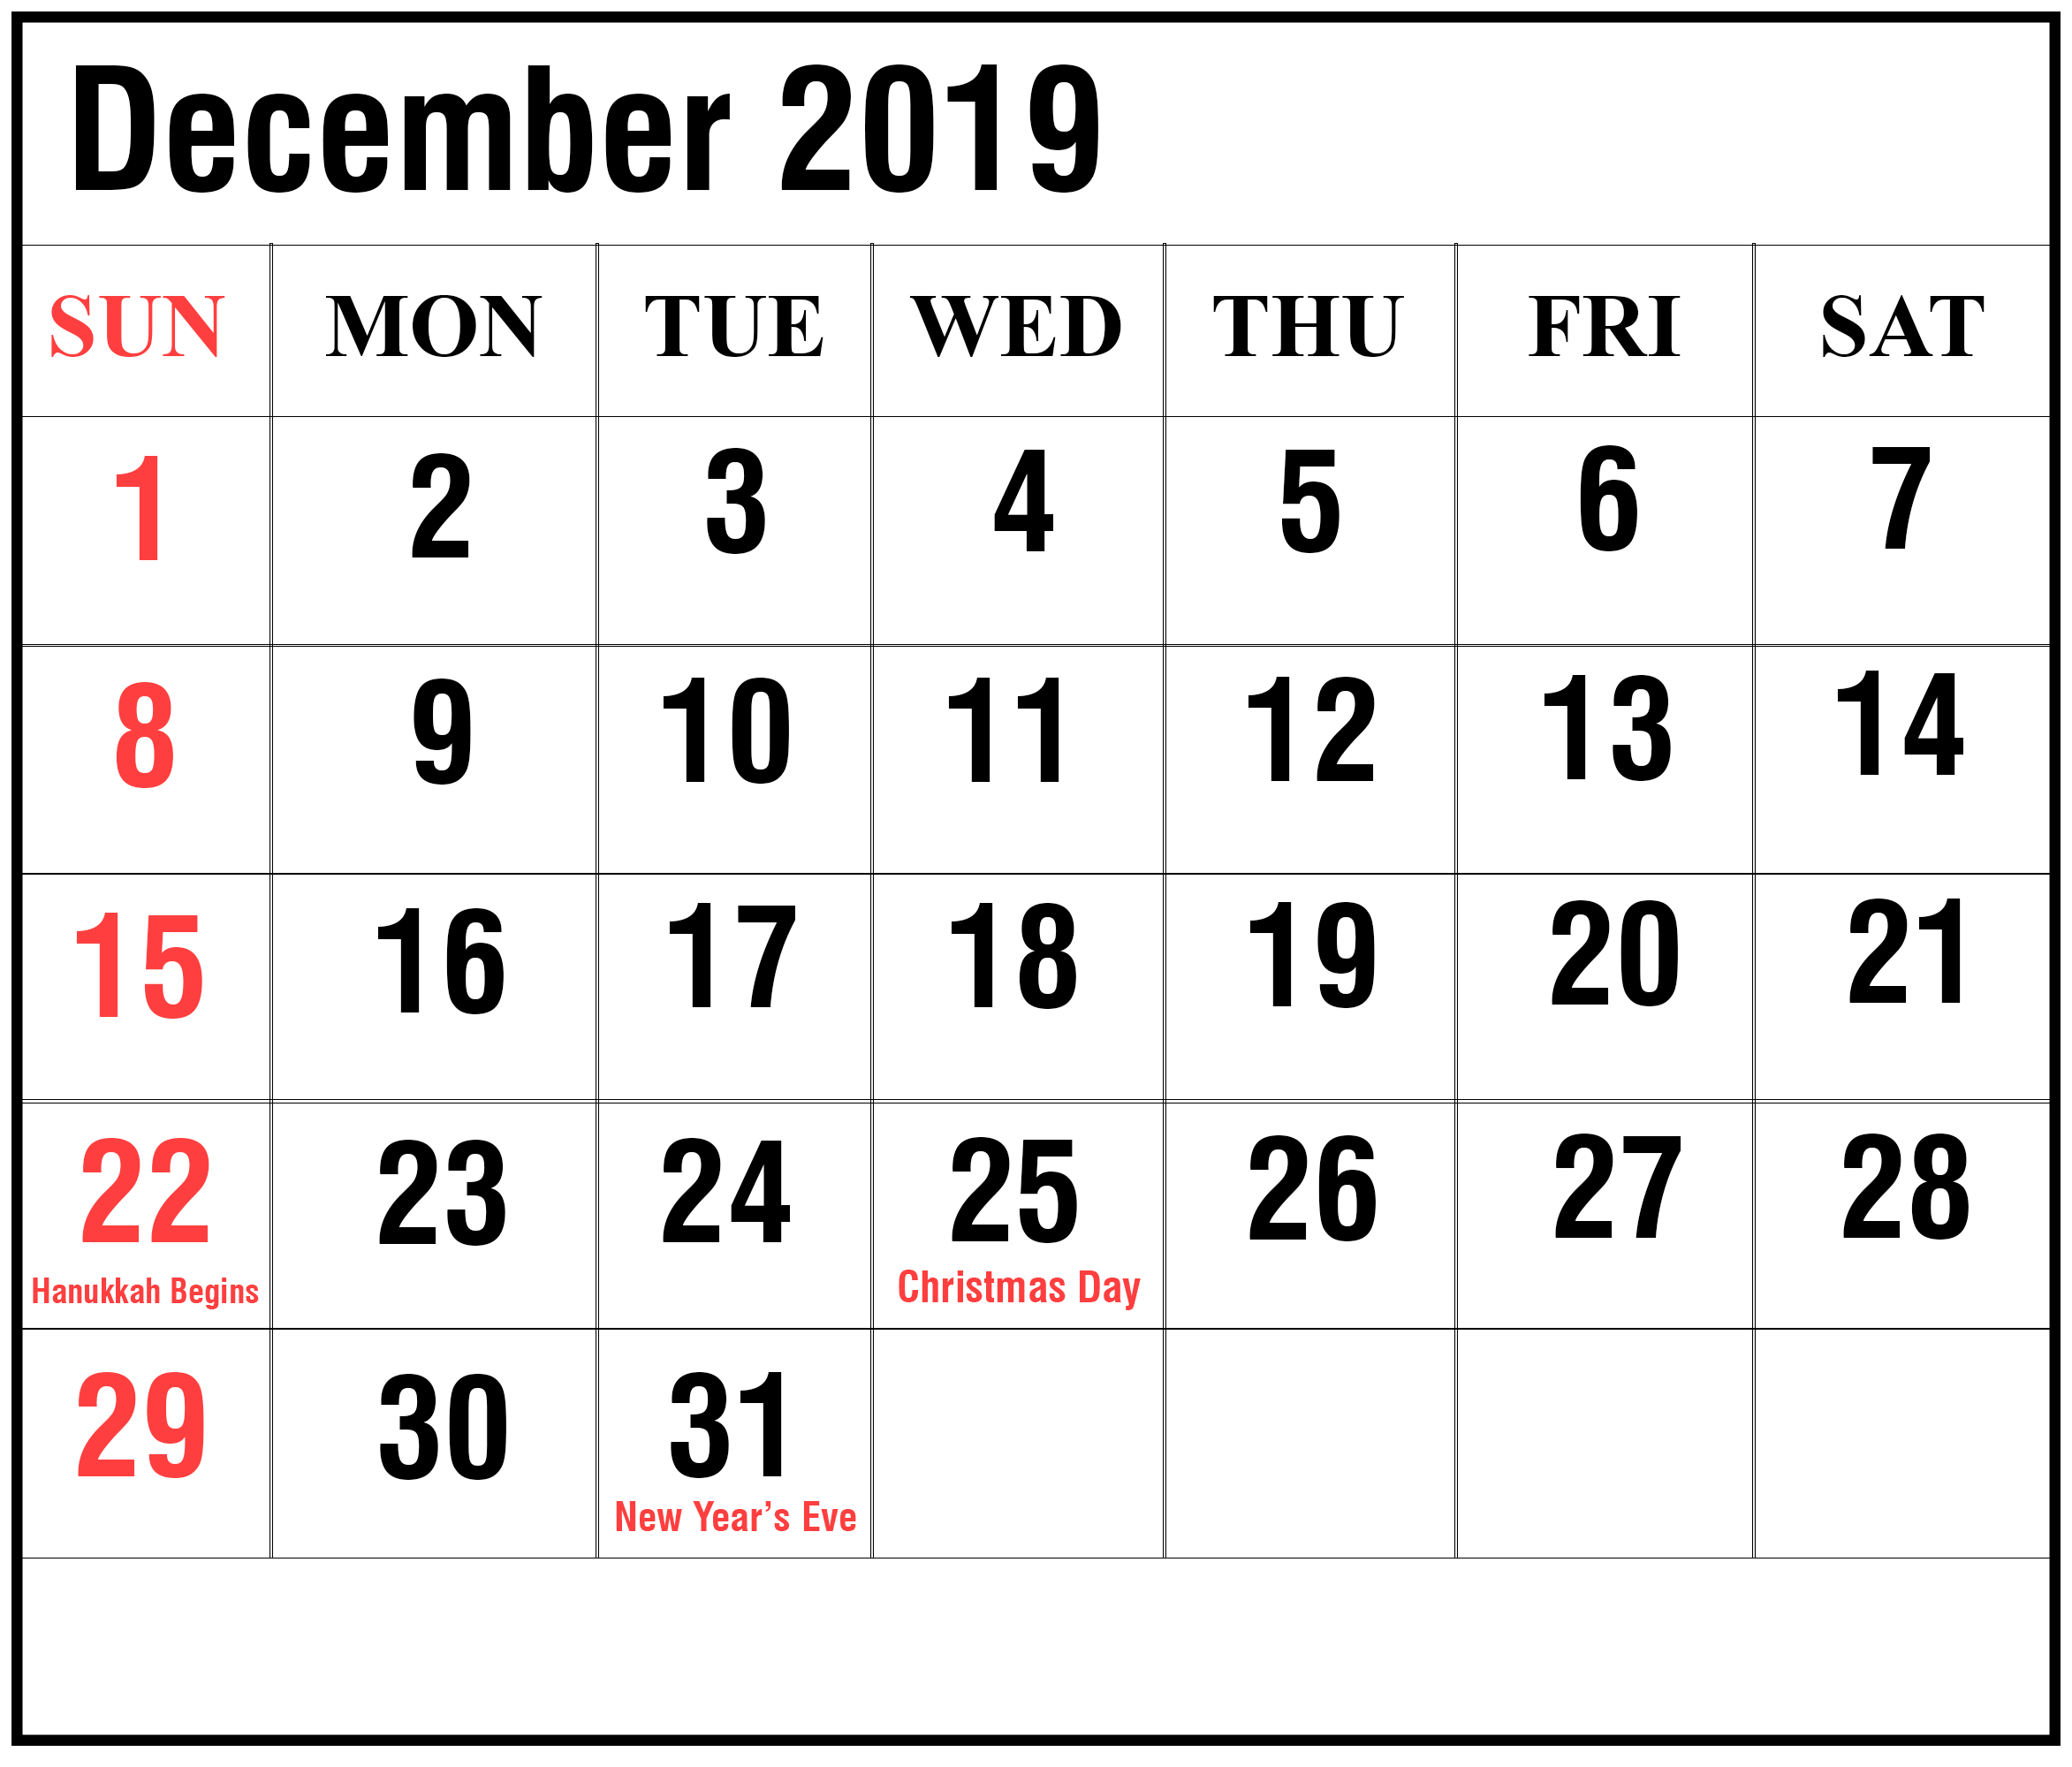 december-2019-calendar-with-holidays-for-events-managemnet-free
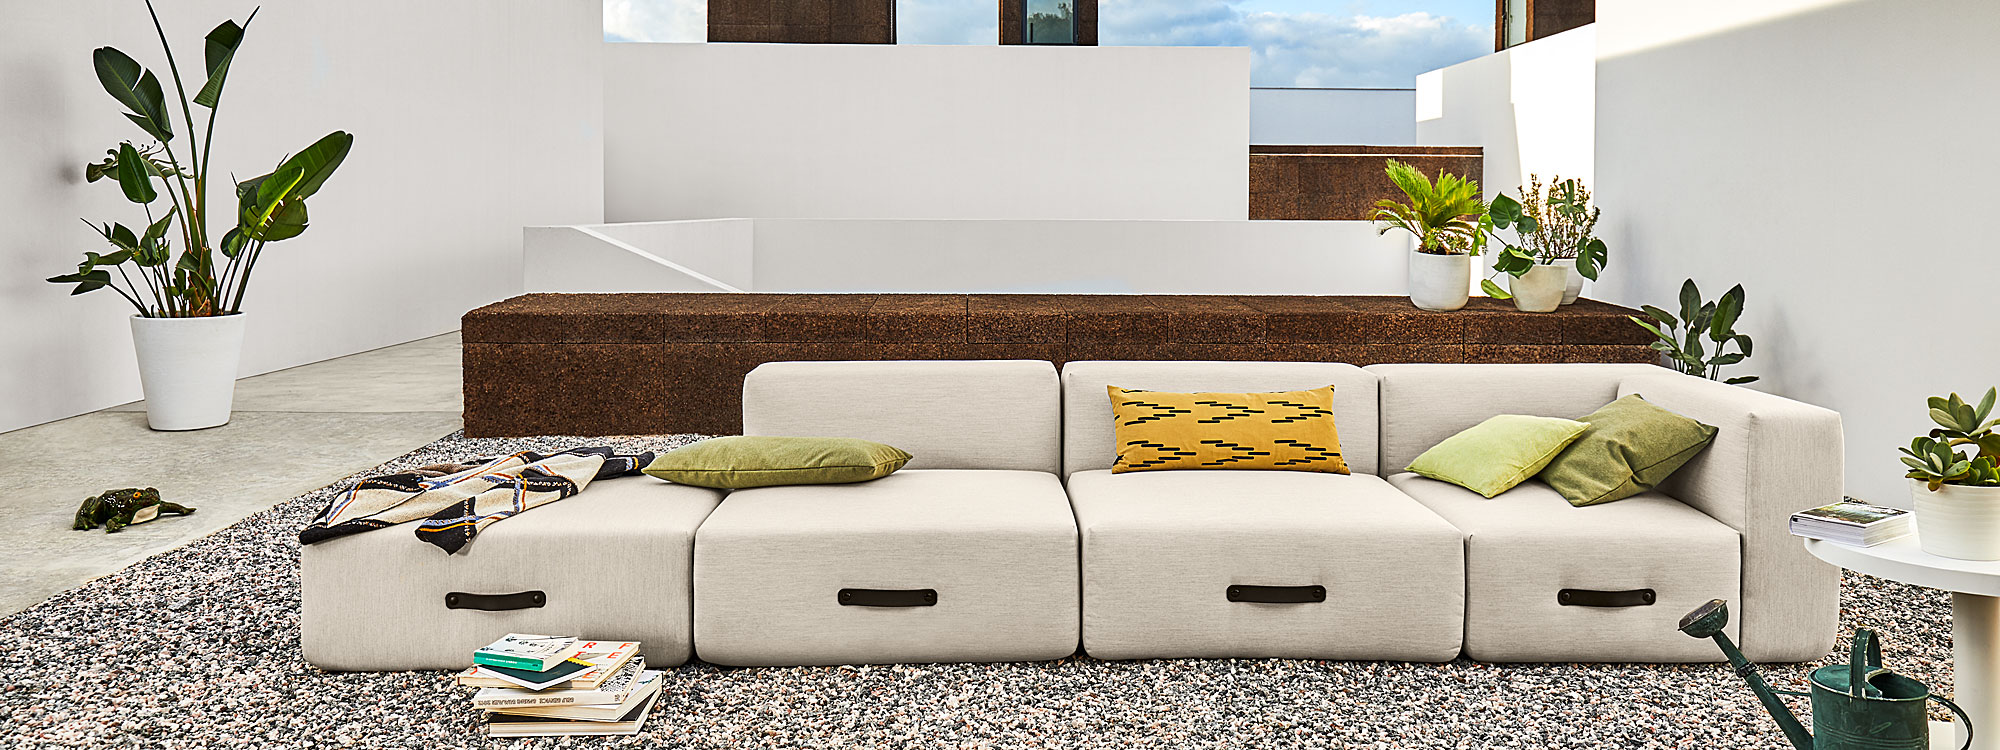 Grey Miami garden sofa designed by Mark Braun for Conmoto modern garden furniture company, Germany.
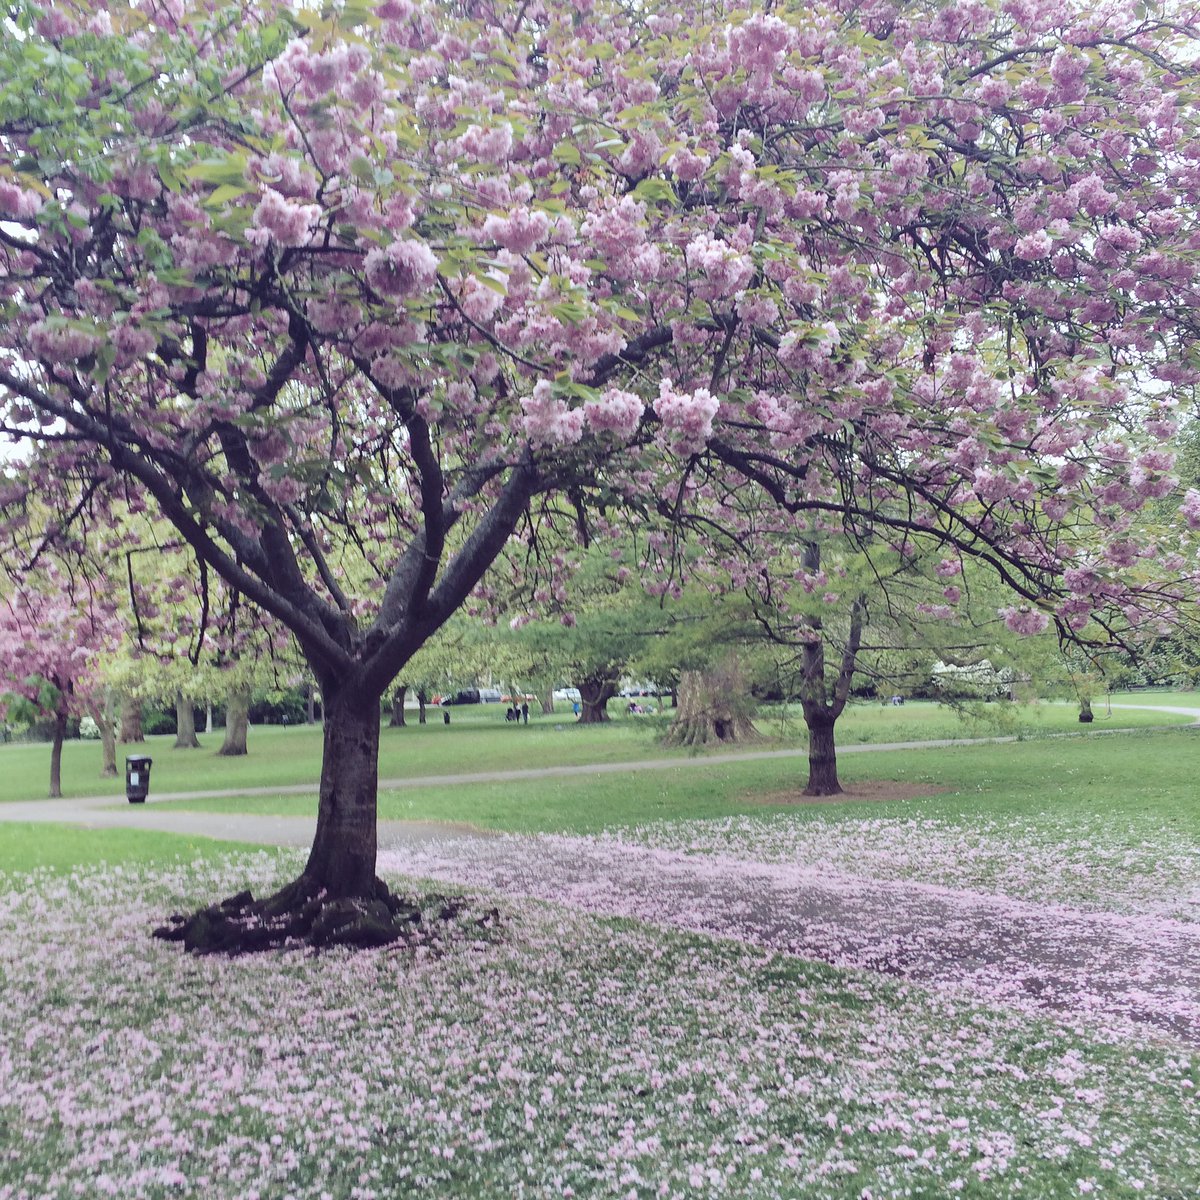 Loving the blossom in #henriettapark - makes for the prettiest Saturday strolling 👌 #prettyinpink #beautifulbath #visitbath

> [TASK REQUIREMENTS] The pictures in the listing above are to be dropped, and everything else reproduced exactly.

> [RESPONSE FOR THIS EXERCISE]
 december-2019-calendar-with-holidays-for-events-managemnet-free
 Grey Miami garden sofa designed by Mark Braun for Conmoto modern garden furniture company, Germany.
 Loving the blossom in #henriettapark - makes for the prettiest Saturday strolling 👌 #prettyinpink #beautifulbath #visitbath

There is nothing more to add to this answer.